Ричард Докинз, впрочем, не согласился с этим тезисом: в своей рецензии на книгу Уилсона он рекомендовал читателям даже не открывать ее, а просто «забросить куда подальше». Чего мы здесь точно не будем делать, так это встревать в ожесточенную перепалку двух известных биологов, тем более что один из них, Эдвард Уилсон, уже ушел из жизни. В нашей истории про секс эусоциальность появилась не просто так, а как иллюстрация забавного явления: такая, казалось бы, биологическая частность, как механизм определения пола, – да еще и возникший, вполне возможно, как реакция на бактериального паразита, – лежит в основе столь величественного явления, как возникновение социума. То есть может лежать, если верна идея Гамильтона о кин-отборе у перепончатокрылых, а может и не лежать, если, согласно Уилсону, возникновению социальности способствует только групповой отбор, а кин-отбор, напротив, только все портит. Не рассказать об этом было никак нельзя, а кто из них был ближе к истине, покажет дальнейшая история познания.

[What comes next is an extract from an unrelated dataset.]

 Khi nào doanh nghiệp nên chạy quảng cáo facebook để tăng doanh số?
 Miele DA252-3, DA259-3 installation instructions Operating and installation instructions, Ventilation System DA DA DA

После столь высокой науки сложно переходить к более легковесным темам. С другой стороны, подобный прием поможет разрядить атмосферу. В некотором смысле тема этой главы – связь секса с альтруизмом. В человеческом обществе принято считать, что быть альтруистом хорошо. Впрочем, когда люди выбирают себе спутника жизни, то есть полового партнера, они учитывают разные факторы, и один из этих факторов отражен в известной присказке: «Был бы человек хороший». И вот вопрос: а не подвержен ли признак альтруизма у людей половому отбору? С людьми нелегко ставить опыты: шаг в сторону – и ваше исследование окажется или неэтичным, или некорректным с точки зрения методологии. Но попробовать можно, и это сделали, к примеру, канадский психолог Пэт Баркли и его сотрудники.

Он предложил своим студентам заполнить два опросника. В первом из них были вопросы типа: «Были ли вы когда-нибудь донором крови?» – из ответов предполагалось составить представление о том, насколько испытуемый склонен к альтруизму. Во втором вопроснике психологи интересовались сексуальными победами своих подопытных кроликов. Были и контрольные вопросы. Например, открытые и общительные студенты могли гораздо чаще сдавать кровь, заниматься волонтерством, танцевать бачату, прыгать с парашютом и общаться с противоположным полом, чем замкнутые социофобы, – на это делались поправки.

Разумеется, поправка делалась и на то, что люди врут. Они уж точно привирают о количестве половых контактов (психологам давно известно, что мужчины преувеличивают этот показатель, а женщины преуменьшают) и, видимо, не прочь приврать о своей склонности к альтруизму. Чтобы учесть этот фактор, в конце исследования была объявлена лотерея с призом в 100 долларов, и участникам было предложено заранее пожертвовать свой выигрыш на благотворительность. Кто-то согласился, а кто-то потребовал выдать выигранные деньги. Результаты исследования были недвусмысленными: те, кто сообщал о своих проявлениях альтруизма, и особенно те, кто пожертвовал выигрыш, имели в жизни больше половых партнеров (главным образом случайных) и чаще занимались сексом.